10 Top Data Companies

    The term “data company” is certainly broad. It could easily include giant social networks like Meta. The company has perhaps one of the world’s most valuable data sets, which includes about 2.94 billion monthly active users (MAUs). Meta also has many of the world’s elite data scientists on its staff.

    But for purposes of this article, the term will be narrower. The focus will be on those operators that build platforms and tools to leverage data – one of the most important technologies in enterprises these days.

    Yet even this category still has many companies. For example, if you do a search for data analytics on G2, you will see results for over 2,200 products.

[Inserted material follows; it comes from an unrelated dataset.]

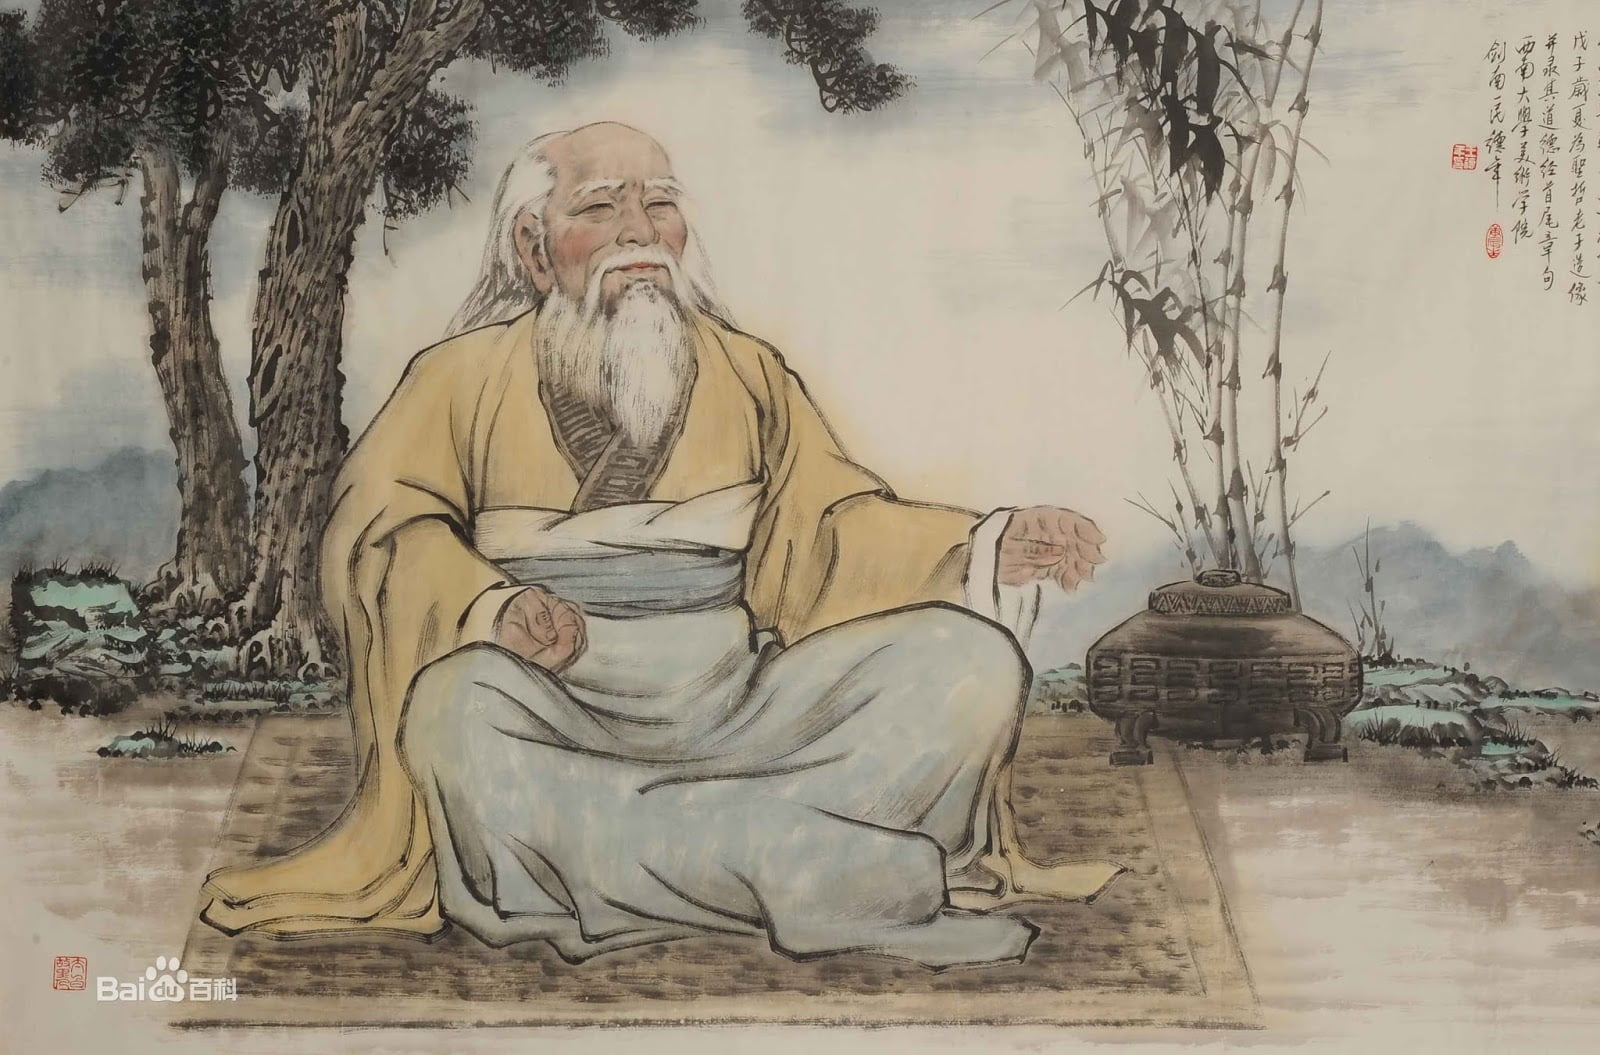 Ж мудрый. Китайский философ Лао-Цзы. Китайская философия Лао Цзы. Лао Цзы Конфуций Лао Цзы. Лао дзы Дао де дзы.

    So when coming up with a list of top data companies, it will be, well, imperfect. Regardless, there are companies that are really in a league of their own, from established names to fast-growing startups, publicly traded and privately held. Let’s take a look at 10 of them.

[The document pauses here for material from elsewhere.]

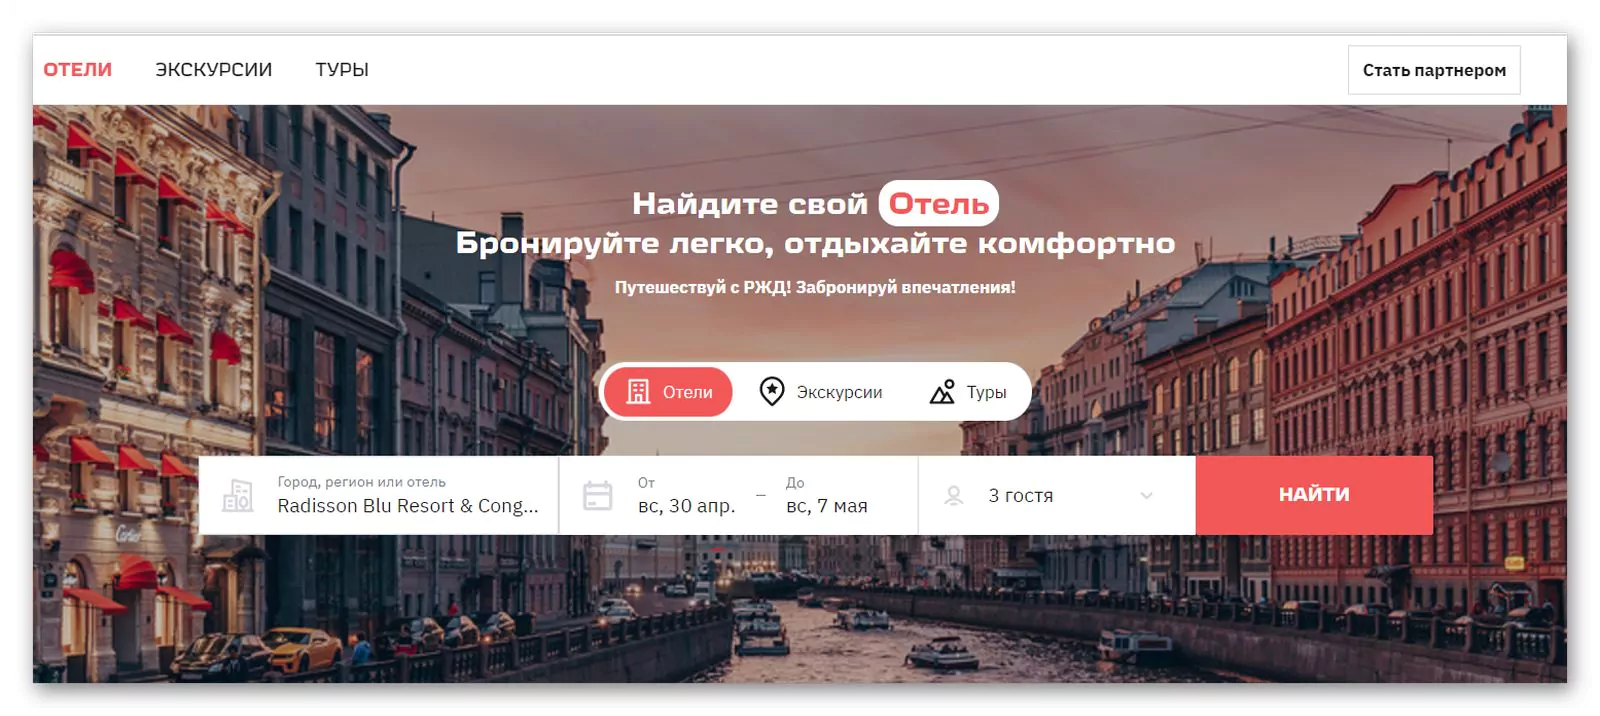 Travel.RZD.ru ввел бронирование без предоплаты для 250 отелей, фото 1

    Also see out picks for Top Data Startups.


    In 2012, a group of computer scientists at the University of California, Berkeley, created the open source project, Apache Spark. The goal was to develop a distributed system for data over a cluster of machines.

    From the start, the project saw lots of traction, as there was a huge demand for sophisticated applications like deep learning. The project’s founders would then go on to create a company called Databricks.

    The platform combines a data warehouse and data lakes, which are natively in the cloud. This allows for much more powerful analytics and artificial intelligence applications. There are more than 7,000 paying customers, such as H&M Group, Regeneron and Shell. Last summer, the ARR (annual recurring revenue) hit $600 million.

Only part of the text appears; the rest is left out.